Information shown:
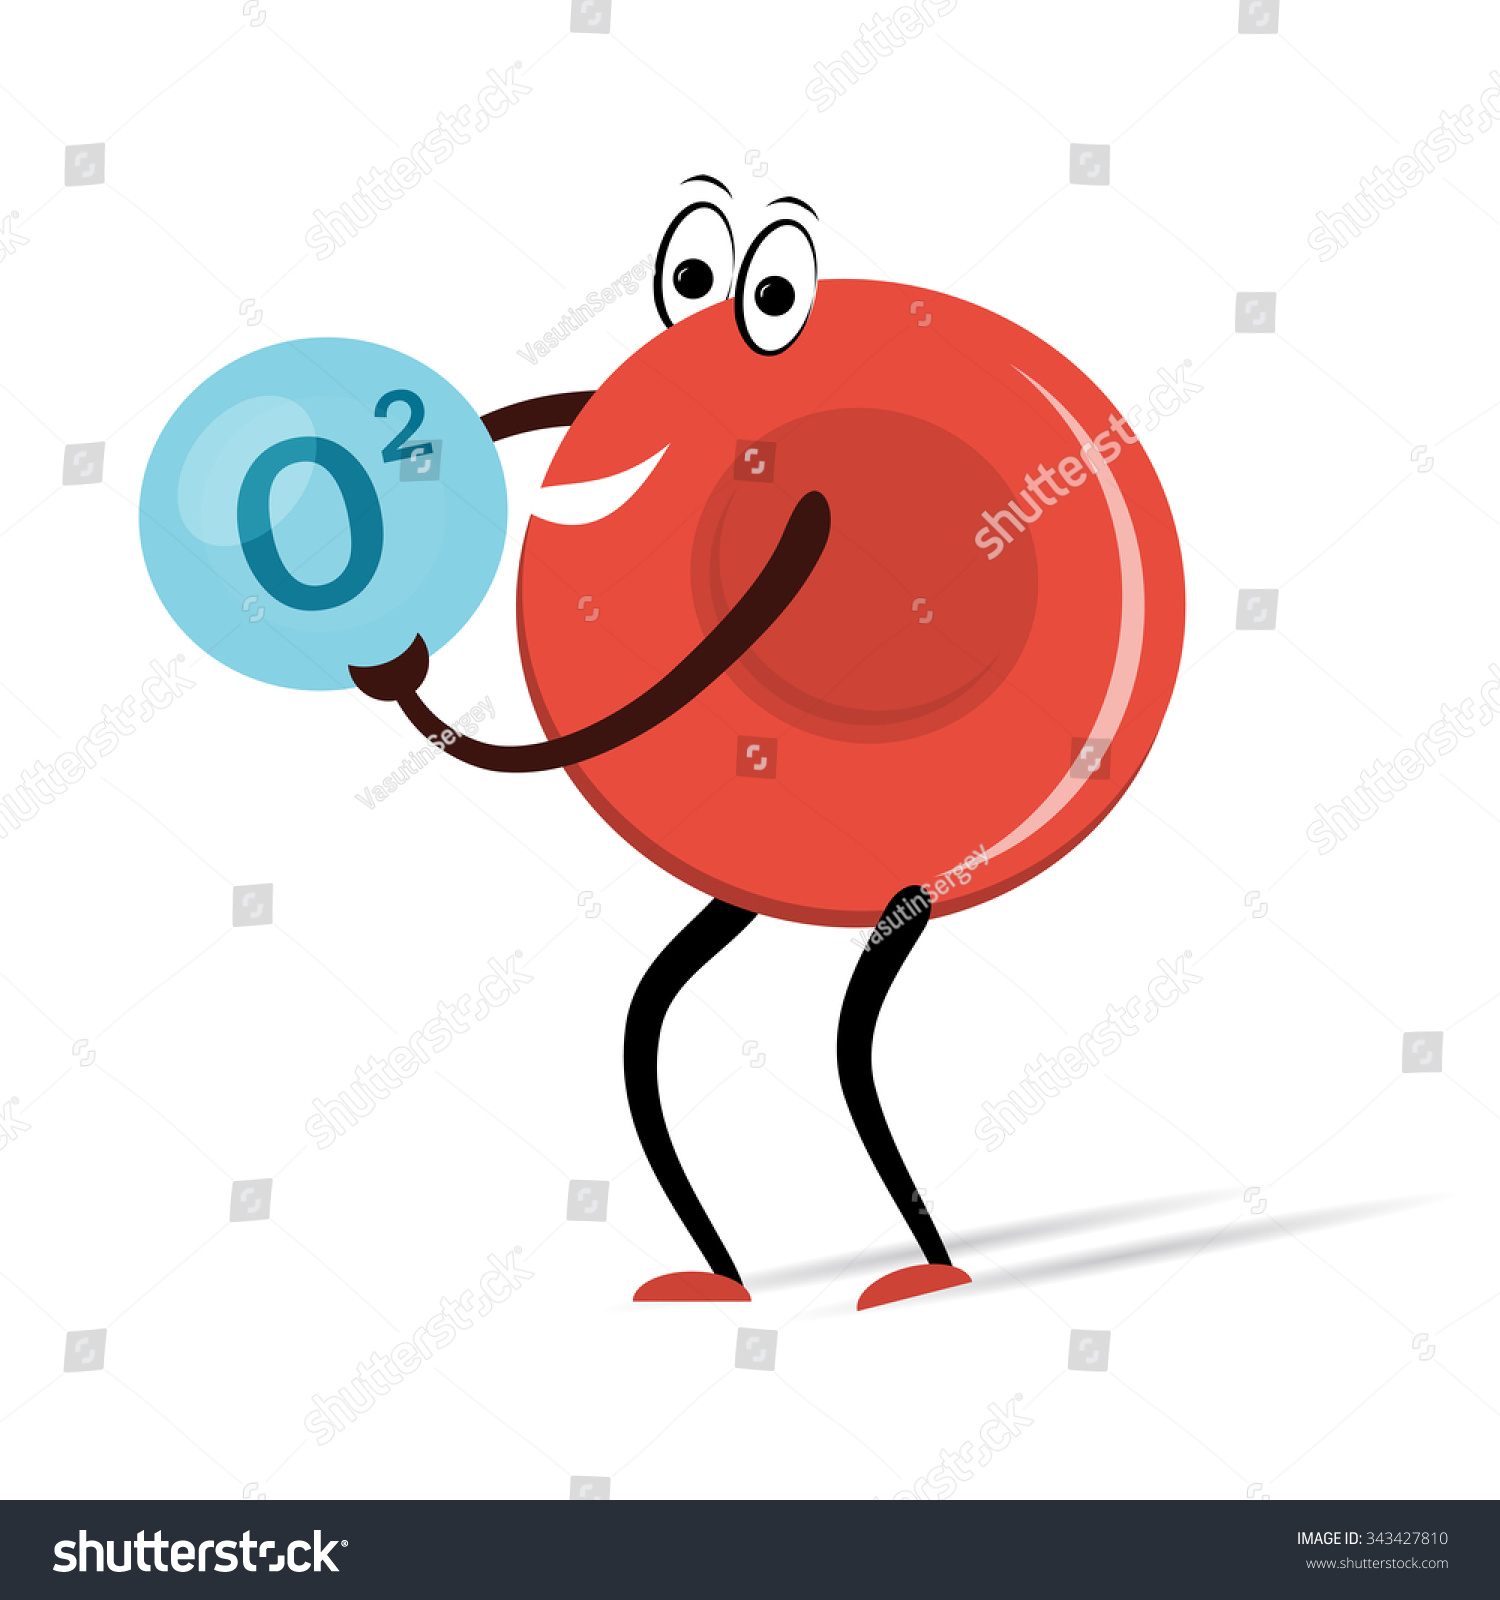 blood animated clipart - photo #44
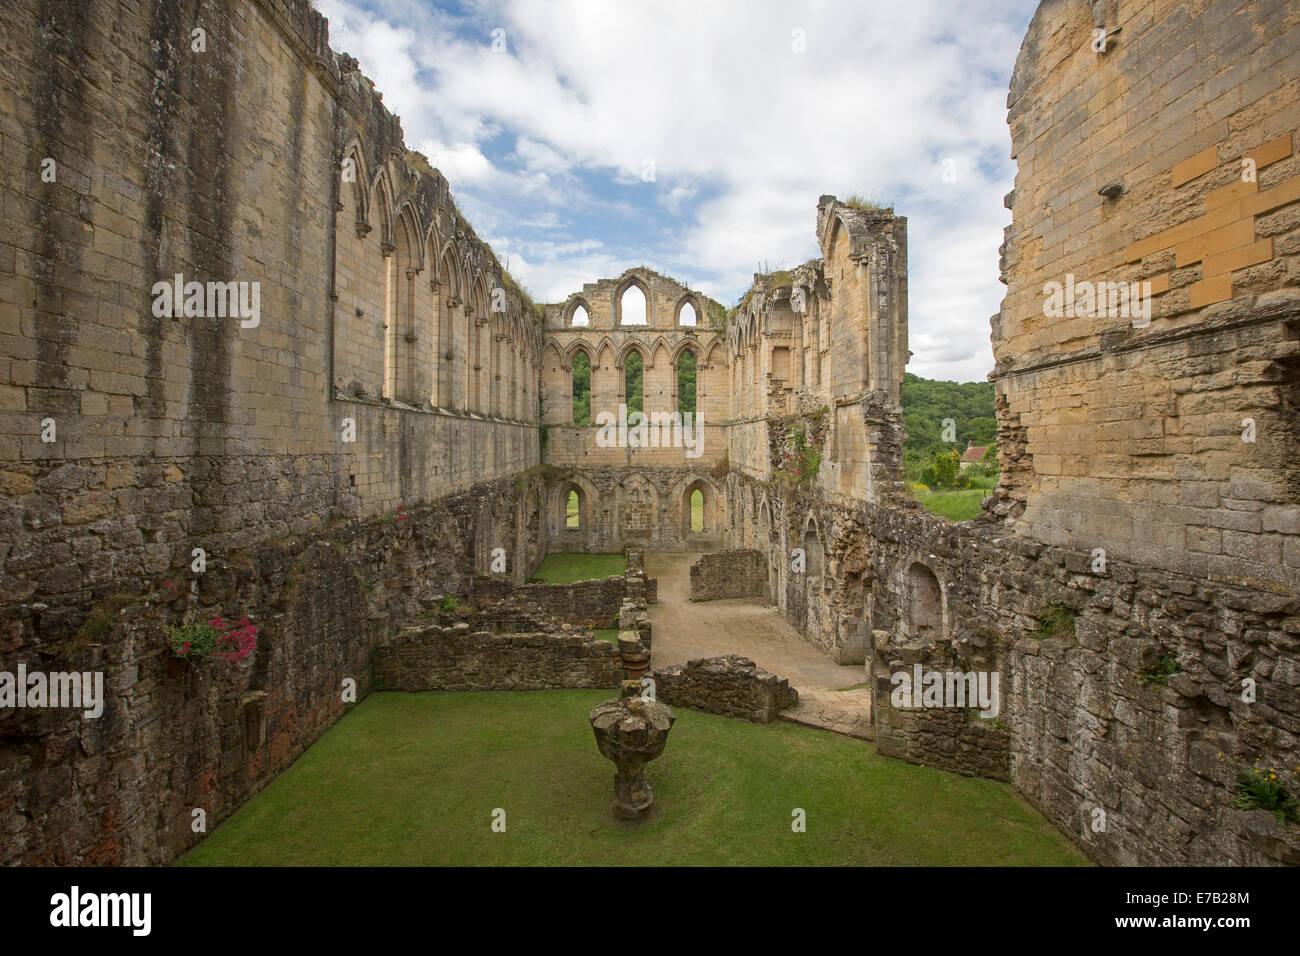 Interior view of picturesque ruins of historic Rievaulx abbey, 12th century Cistercian monastery in Yorkshire, England Stock Photo
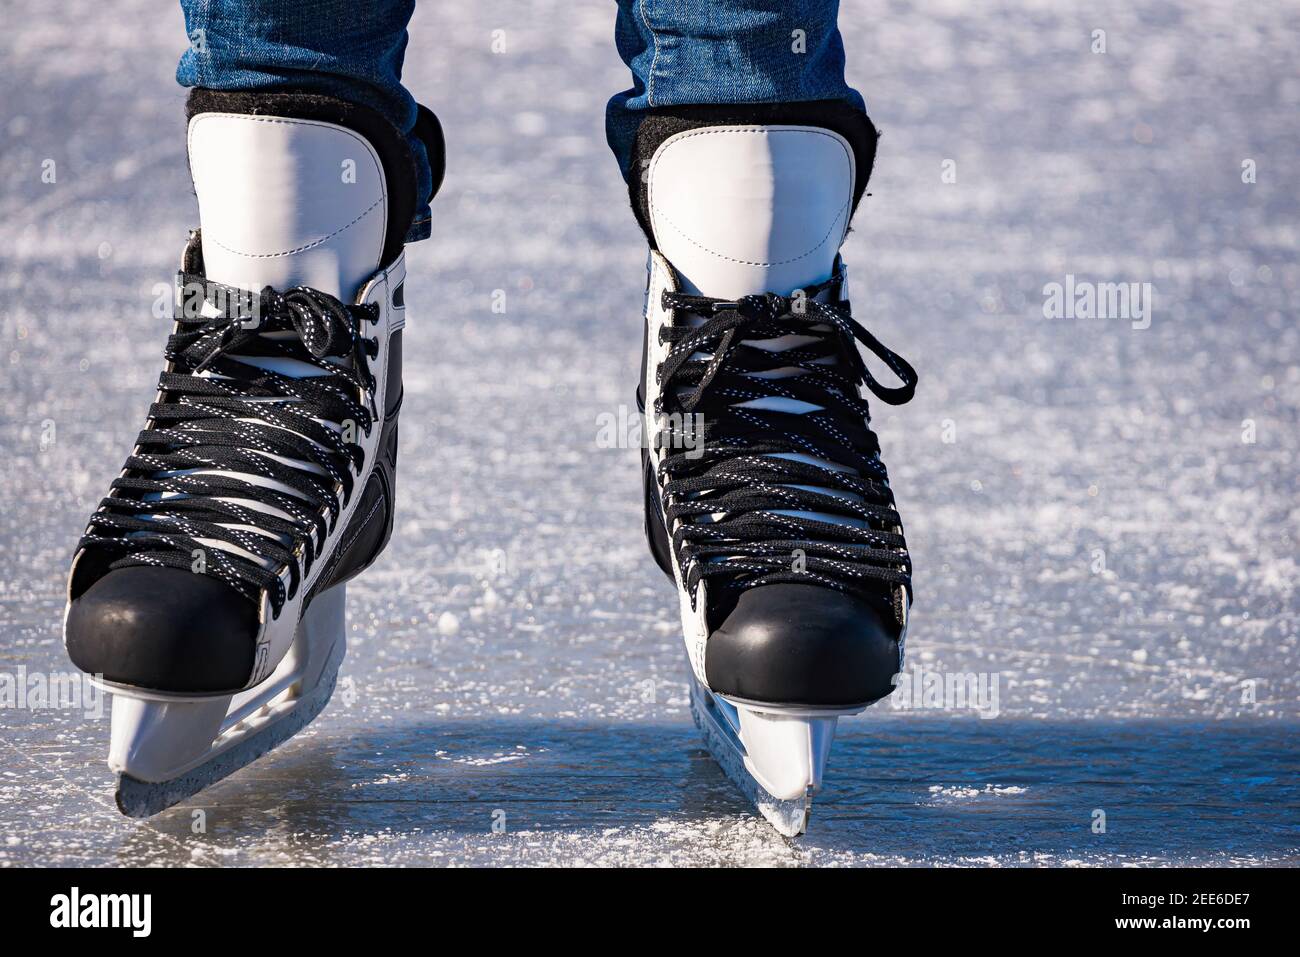 https://c8.alamy.com/comp/2EE6DE7/detail-of-the-black-and-white-mens-ice-skates-in-action-on-ice-2EE6DE7.jpg

Task statement:
Apart from the images, every line above is to be given again exactly.

Expected answer:
 blood animated clipart - photo #44
 Interior view of picturesque ruins of historic Rievaulx abbey, 12th century Cistercian monastery in Yorkshire, England Stock Photo
 https://c8.alamy.com/comp/2EE6DE7/detail-of-the-black-and-white-mens-ice-skates-in-action-on-ice-2EE6DE7.jpg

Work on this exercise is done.